Johnny Cage's Jack Torrance impression starts at the 1:10 mark.

And speaking of how it looks, that evolution in graphical fidelity is really what drives the game's gore system forward. The fatalities that sent former First Lady Hillary Clinton and former Sen. Joe Lieberman into a tizzy in 1993, and spurred the creation of the Entertainment Software Ratings Board, are nothing compared to what's in 2015's Mortal Kombat X. That doesn't mean the team is doing stuff it wouldn't have 10 or 20 years ago; it just means there are few, if any, tech roadblocks in the way.

Whereas two decades ago, ice-ninja Sub-Zero ripping an opponent's pixelated head off (with their spine still attached) pushed the limits of arcade hardware and home consoles, now he can shoot an ice ball at an opponent's gut, shatter it, reach inside their gaping torso, break their spine in two and then rip their body in half horizontally. And yes, that's totally something you can do with a few button presses in this week's Mortal Kombat X.

"It's obviously something to just get a response out of you.
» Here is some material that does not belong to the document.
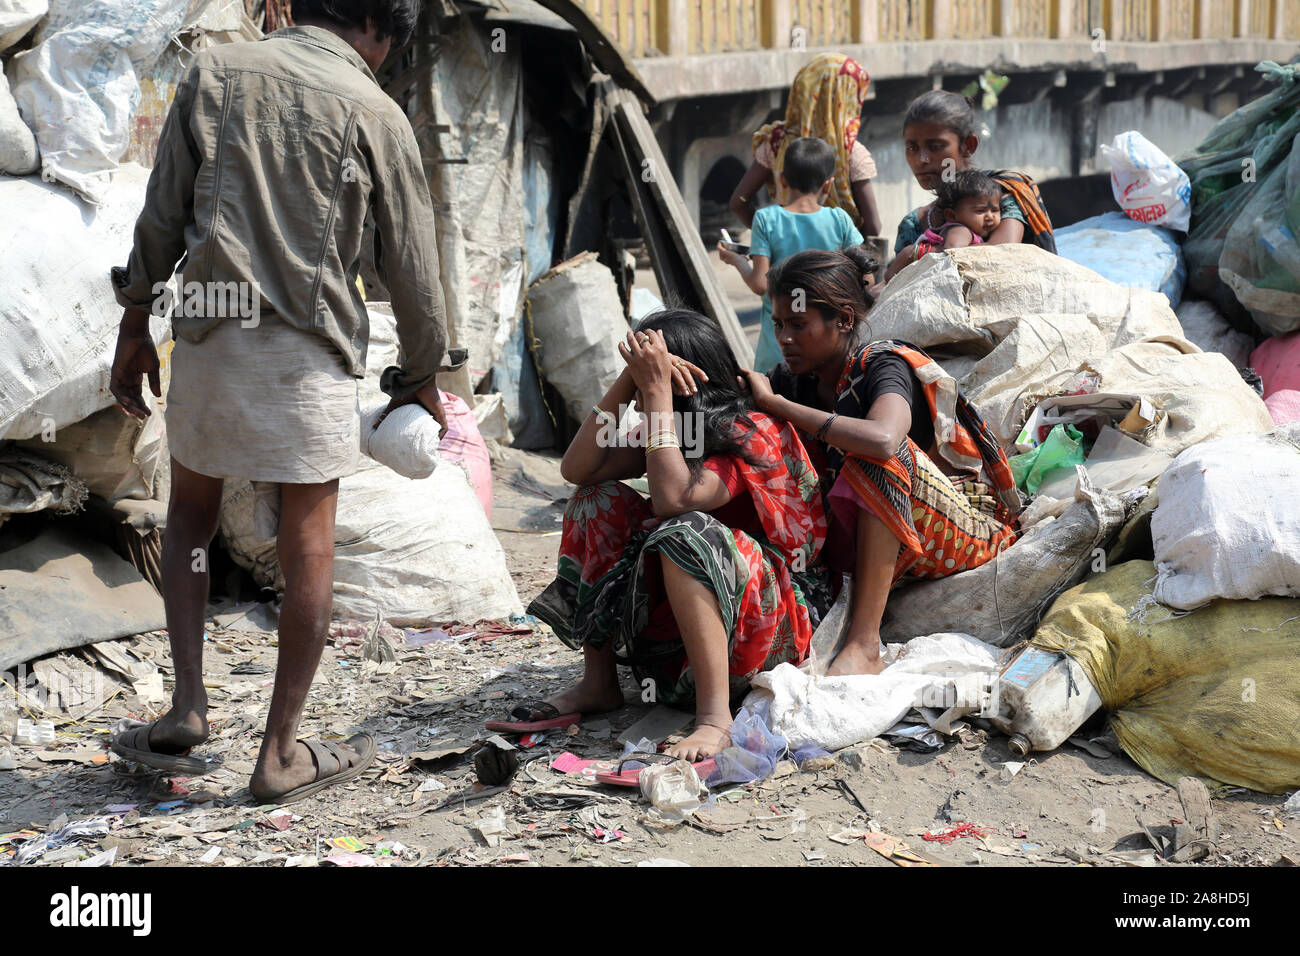 Ghetto and slums in Kolkata India Stock Photo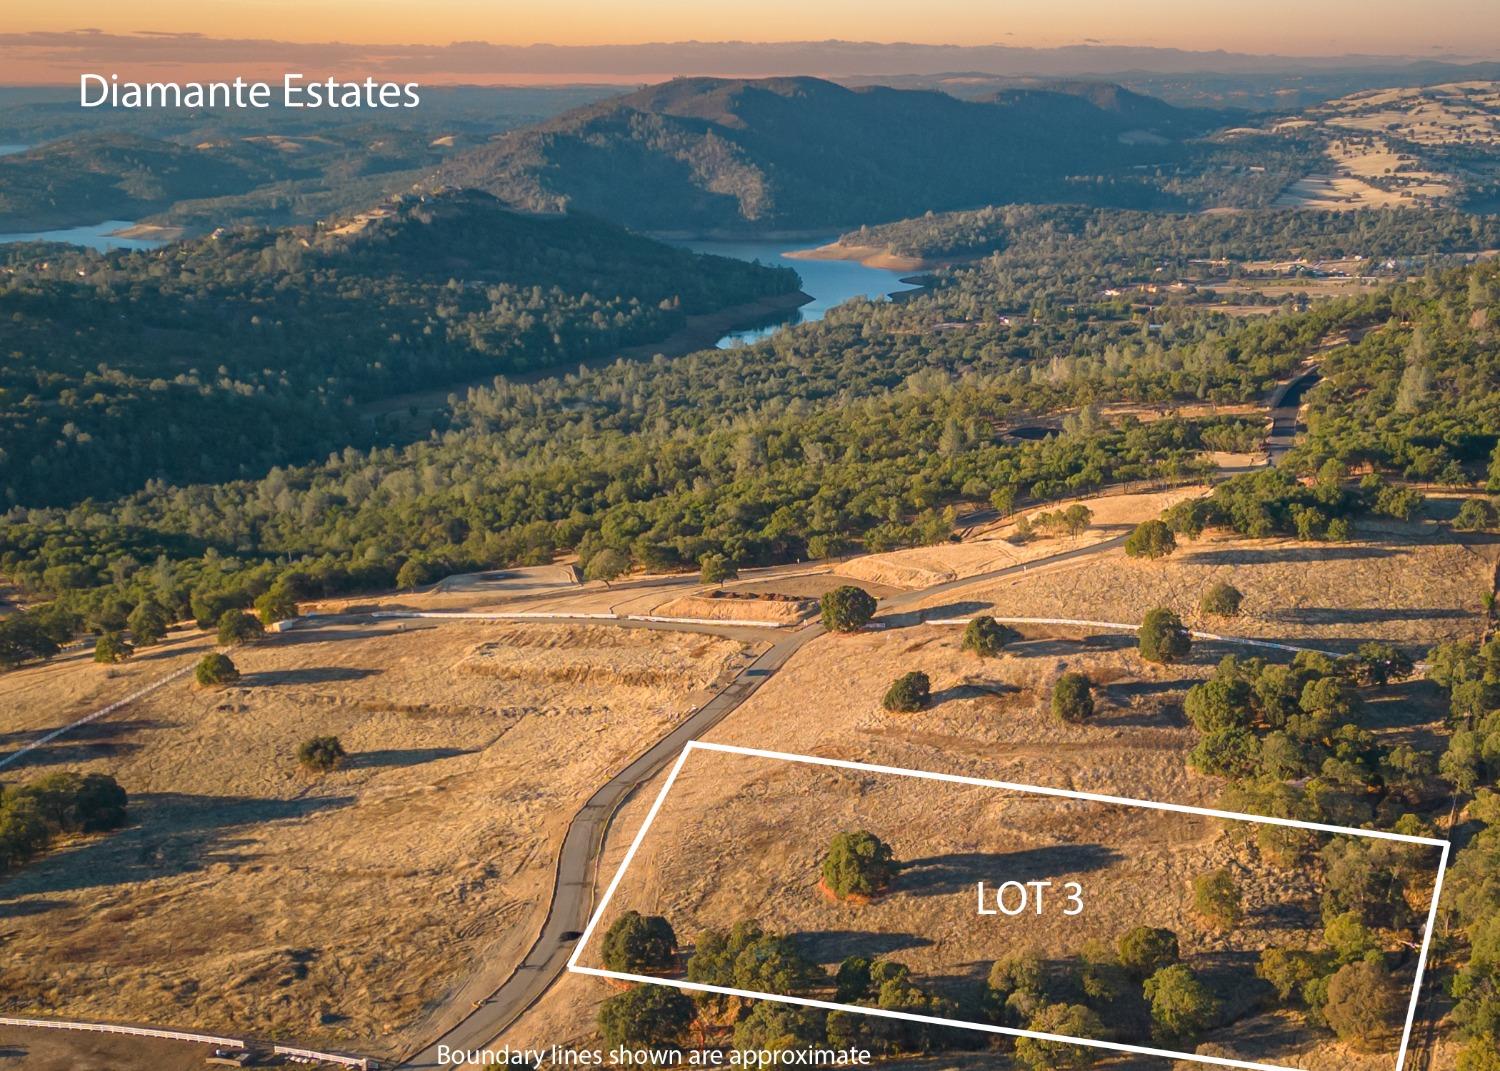 Photo of 2025-LOT 3 Via Veritas in El Dorado Hills, CA

I don't know how you can get mad about that," says Lang. "It's brutal, but not cruel."

"I don't think we're doing anything that's any different than what we've done in the past," Edwards says. "Obviously we're able to do more, cooler things based on tech, but we've kept the same personality and style throughout all the games."

Mortal Kombat X isn't a massacre-simulator like the controversial PC game Hatred. Instead, it embraces the idea of grotesque violent comedy and puts the player in control of the slapstick. When Mortal Kombat's Johnny Cage peers through an opponent's ribcage saying, "Heeeere's Johnny!" it's the equivalent of metal band Gwar's Oderus Urungus force-feeding a fan to Gor-Gor the Dinosaur; it's silly and stupid and intentionally absurd.

"I've watched on Twitter whenever they've released a [Mortal Kombat] trailer and there's a predictable backlash," Lang says. "I just don't get it at all; it's just so obviously over-the-top, ridiculous and impossible. It's obviously something to just get a response out of you. I don't know how you can get mad about that. It's brutal, but not cruel."